The Apemen is a Dutch surf rock band, comprising band-members from Tilburg and Rotterdam, with their base remaining in Tilburg.

They have existed since the early 1990s, and has seen several changes in line-up and musical style since their beginning. Their most active period was in the mid-90s when they released all of their records. 
They are famous for wearing gorilla masks and suits on stage combined with various stage acts, including jumping and moving around on stage, shaking hands with the audience, telling jokes between songs and climbing on top of the bar while playing.
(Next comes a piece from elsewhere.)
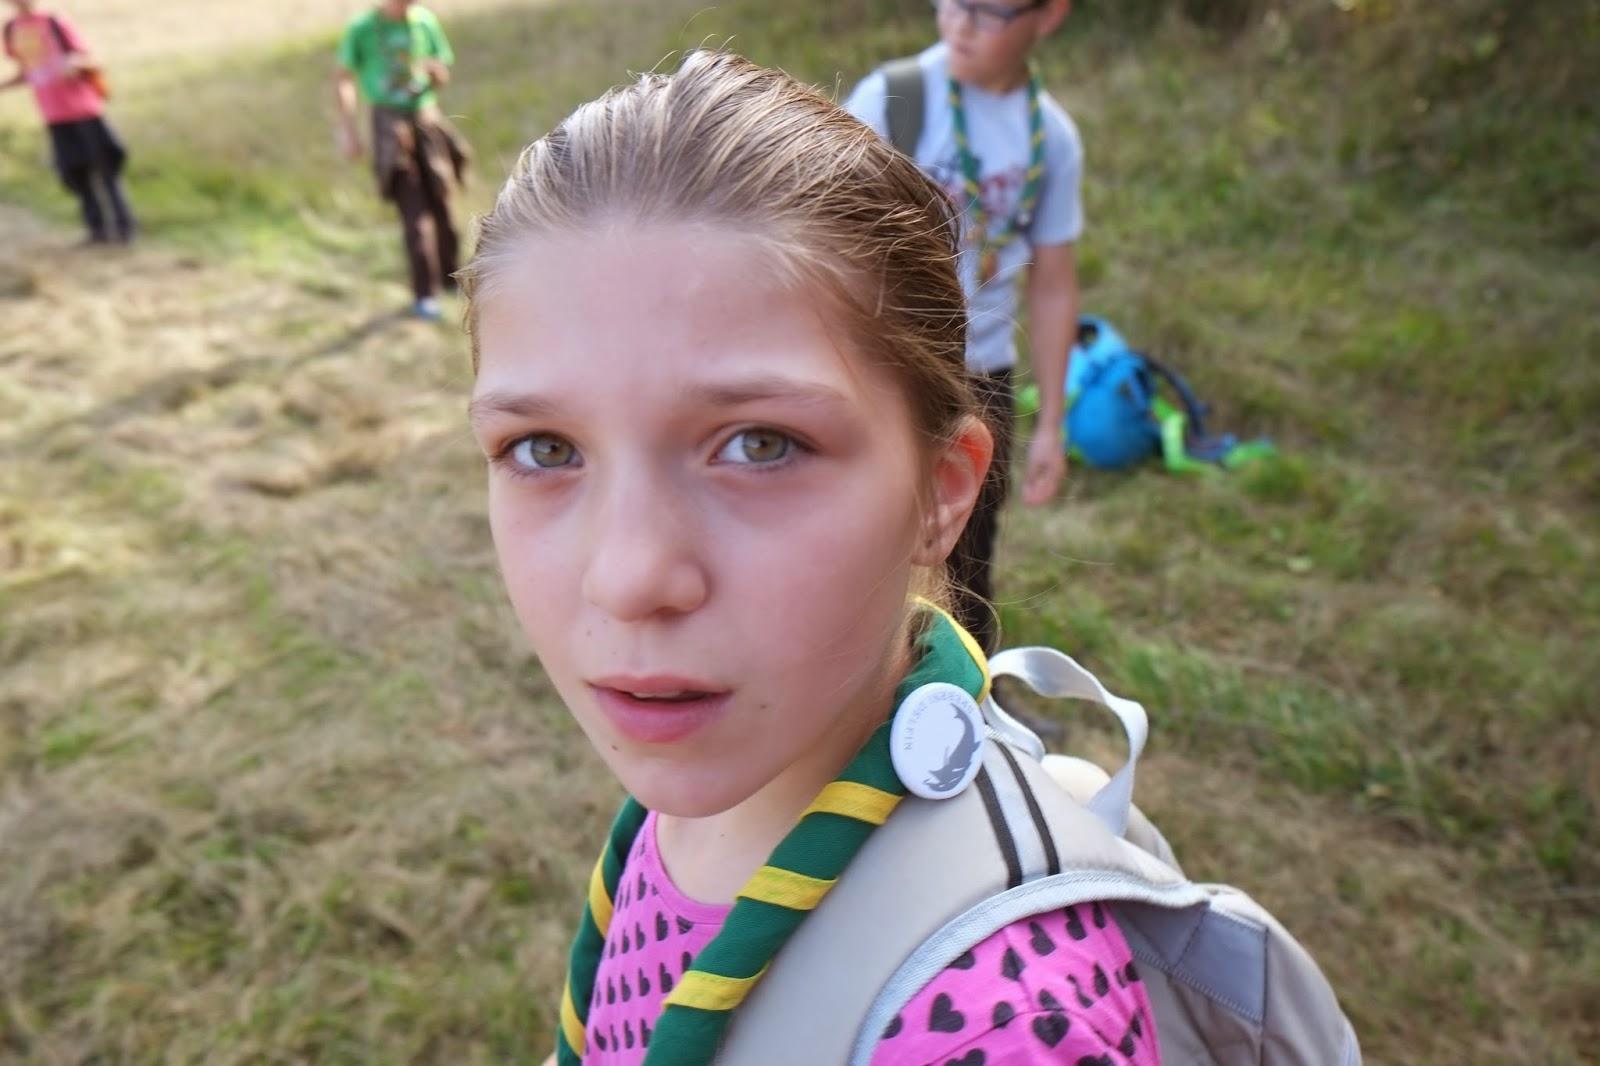 Pohod na Kozlek, Kozlek, 11.10.2014 - DSCF1152.JPG

Their first album Are you being surfed? (1994) is strictly guitar-oriented, and includes a mix of songs from their first EP and surf classics like Pipeline and Penetration. The personnel on this record was Joep Verbeek and John Peate on guitar, Jeroen van de Sande on bass, and their first drummer Mike Rosema on drums.

Surfvival of de onbeschofste (1995) saw a change in line-up with Joep Verbeek and John Peate quitting the band, Jeroen van de Sande moving from bass to guitar, and David Andriesse filling in on bass. On this record Albert Benier was added to play organ, and he wrote much of the material for this album. The sound on this record is more organ-based with several songs using that as the lead instrument. El rey del Surf is their only vocal song on Surfvival..., and is a Spanish-language version of Trashmen's King of the Surf.
  
After Surfvival of de onbeschofste the group has only recorded one song that has been released: 24 hours from Tulsa which was released on the surf-music tribute to Burt Bacharach That's new Pussycat! (OmOm Records, 2000).

Their live-set mainly comprises songs from Surfvival of de onbeschofste with several numbers from Are you... and songs they have written after Surfvival of de onbeschofste, and has seen little change after their prolific period.

On January 6, 2007 they played their farewell concert in Geel, Belgium. Late 2010 they made their comeback on Burlesque Ballroom in Rotterdam.

Band members

 Jeroen van de Sande - guitar
 Johnny Zuidhof - drums
 Albert Benier - organ
 David Andriesse - bass

Albums

 Are you being surfed?, 10" LP/CD, 1994, Vulcan records (Semaphore)
 Surfvivial of de Onbeschofste, 12" LP/CD, 1995, Nitro! (Demolition Derby)
 Live at KFJC(CDR), CD-R, 1999 [Recorded in Los Altos Hills, CA, USA, spring 1994; Promo CD-R live (250 copies released for special fans)]
 Seven Inches of Love, CD, 2000, Double Crown records [The Apemen's complete 7" vinyl releases, compilation album tracks, 1 unreleased track and two live tracks.]

7"s
 Invasion of the Apemen EP, 7” EP 45 RPM, spring 1993, Kogar records.
 Intoxica (split single w/Monomen), 7” 45 RPM split single, summer 1993, Demolition Derby records.
 Sounds of the Apemen EP, 7” EP 33 RPM, August 1994, Demolition Derby records.
 El Torura/Percolator Stomp, 7” 45 RPM, autumn 1994, Estrus records.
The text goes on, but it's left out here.